Aconteceu algo recente no meu trabalho que eu gostaria muito que muitas pessoas soubessem, porque sei que muitas se identificariam com isso.
Após duas licenças-maternidade quase consecutivas, passei por um intenso bloqueio criativo, não apenas por falta de boas ideias, mas também por não ter tempo de qualidade para acessar minha fonte de inspiração. Muitas vezes me sentia sobrecarregada, frustrada, culpada e, na maioria das vezes, incapaz de produzir. Acho importante que as pessoas conheçam um pouco da vida real que acontece por trás da tela do celular, para que a comparação ilusória se dissipe de nossas mentes e se transforme apenas em identificação e inspiração!
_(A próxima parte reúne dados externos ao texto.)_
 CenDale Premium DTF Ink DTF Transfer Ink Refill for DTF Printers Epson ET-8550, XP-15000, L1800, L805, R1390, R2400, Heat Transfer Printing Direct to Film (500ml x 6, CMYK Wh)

LM: Devido ao seu trabalho, você usa muito as redes sociais, que têm sido associadas à ansiedade e até à depressão — como você consegue estar constantemente online e ainda assim manter o equilíbrio, a saúde e a felicidade?
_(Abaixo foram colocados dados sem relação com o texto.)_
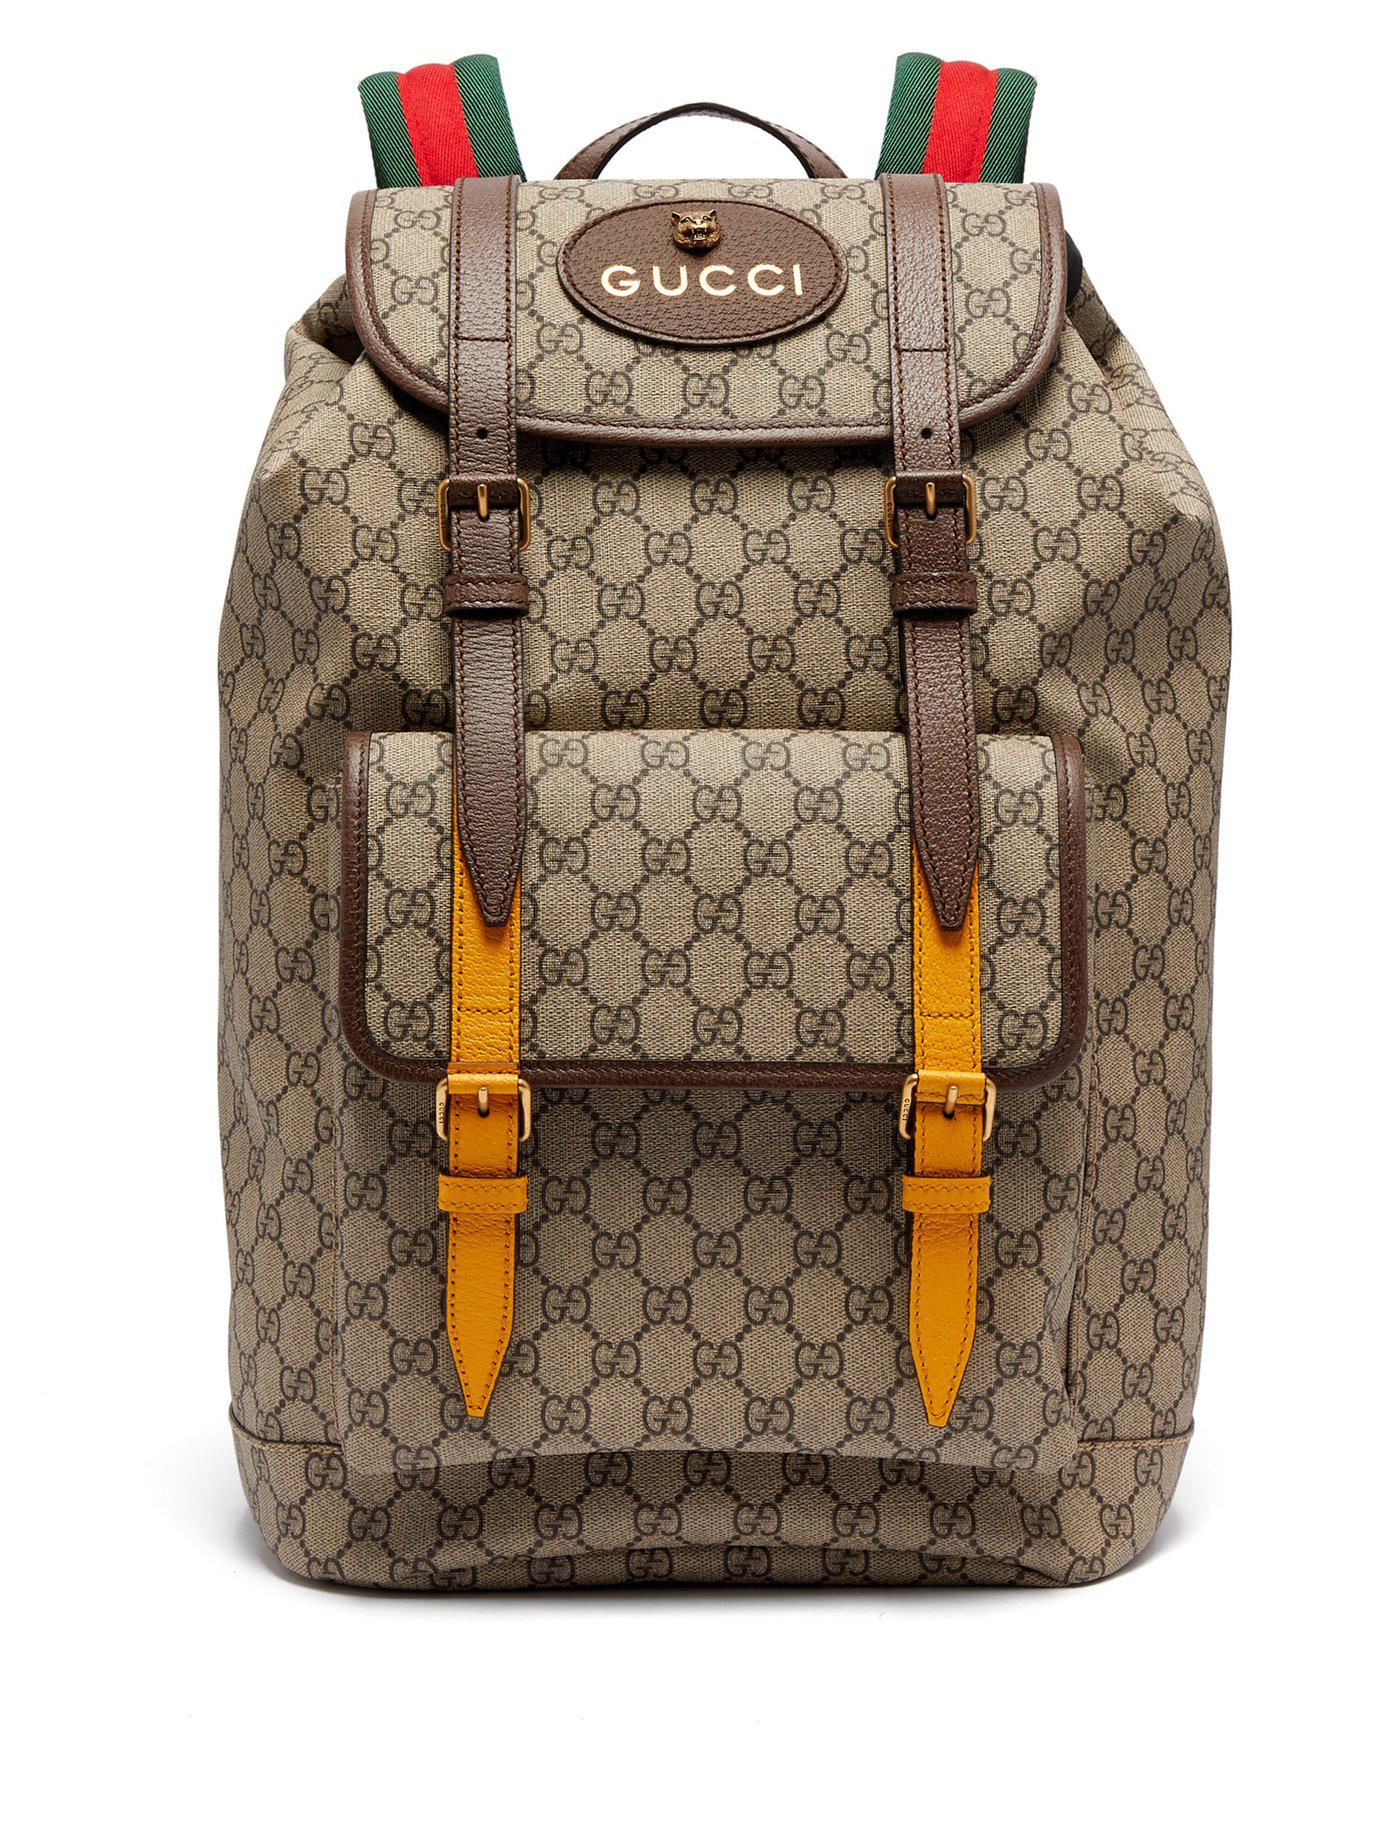 Gucci GG Supreme Canvas Backpack - Brown

É exatamente disso que estamos falando. Estar constantemente em equilíbrio, saudável e feliz é quase uma ilusão. Às vezes, nos sentimos mais equilibrados, com alma e espírito em harmonia, mas comendo o que queremos; afinal, podemos estar "em forma" ou felizes. Juro que os dois adjetivos podem até andar juntos, mas essa não é a regra constante da vida real. Optei por exigir menos de mim mesma, me exercitar quando posso, me alimentar melhor quando consigo e organizar meu tempo para criar, de forma a relaxar e, assim, ser uma pessoa mais equilibrada e feliz para mim e para minha família.
A internet criou um pequeno monstro do "preciso ser, mostrar e ser" — quando, na verdade, muitos estão se tornando péssimos atores em vez de bons influenciadores.
Mostrar os bons momentos da vida é a melhor parte e sou a favor disso, mas criar momentos felizes para gerar uma impressão falsa, acho que é um dos maiores problemas que estamos alimentando nesta geração.

LM: Parte de ser conhecido é ser julgado por pessoas que não sabem nada sobre você. Como você lida com isso?

KM: No ano passado, quase fui "cancelada" por uma notícia falsa que circulou no meu 14º dia pós-COVID, quando, seguindo a orientação do meu médico, saí do meu apartamento para tomar um pouco de sol ao meio-dia na rua e relaxar um pouco — afinal, depois de 10 dias eu já podia ir a um supermercado lotado, segundo a Anvisa. Cheguei a gravar stories para mostrar que estava voltando, um pouco debilitada, mas que precisava retornar ao meu "trabalho".“

Trinta minutos depois, meu nome estava em perfis de fofoca e sites renomados, o que me chocou ainda mais — dizia que a “blogueira” Karina Milanesi e seu marido estavam espalhando a COVID. Enfrentei um dos piores dias porque nem sequer tive espaço para provar que não estava sendo negligente a esse ponto; imediatamente, pessoas que não me conheciam estavam desejando coisas terríveis para mim, como a morte para mim e minha família.
Mas, ao mesmo tempo, percebi que as pessoas que me seguiam e me apoiavam regularmente estavam indignadas com essa tentativa de "cultura do cancelamento", porque me acompanhavam e sabiam exatamente o que estava acontecendo. Isso me fez pensar sobre o que realmente importa! Ser autêntico também te aproxima de pessoas autênticas, e mesmo que a internet não ofereça um filtro humano, o que você emite é o que você recebe de volta.
Eu poderia, de fato, ter me enganado naquela situação, mas não foi o caso; entendendo que este é o seu ambiente de trabalho e que sim, você é responsável pela forma como age — especialmente porque influencia as pessoas — de certa forma, você percebe que, como em qualquer trabalho, responsabilidade e profissionalismo são necessários. Independentemente da sua área, sempre haverá pessoas que te elevam ou tentam te derrubar, que estendem a mão ou te chutam, mas quando há propósito, há aprendizado, evolução e, acima de tudo, mais incentivo para não desistir. Todas as áreas têm pontos positivos e negativos; o julgamento constante certamente é um ponto negativo no universo digital, mas não é motivo para nos paralisar — ou pelo menos não deveria ser, certo?
LM: Qual a diferença entre o seu conteúdo atual e o de 10 anos atrás?
KM: Tudo. Se você olhar para o seu primeiro conteúdo e não pensar: "Nossa, como eu evoluí!", algo está errado. A evolução precisa acontecer e, especialmente no âmbito digital, é extremamente bem-vinda. No meu caso pessoal, vejo evolução tecnológica, amadurecimento do gosto e do estilo, e diversidade na produção.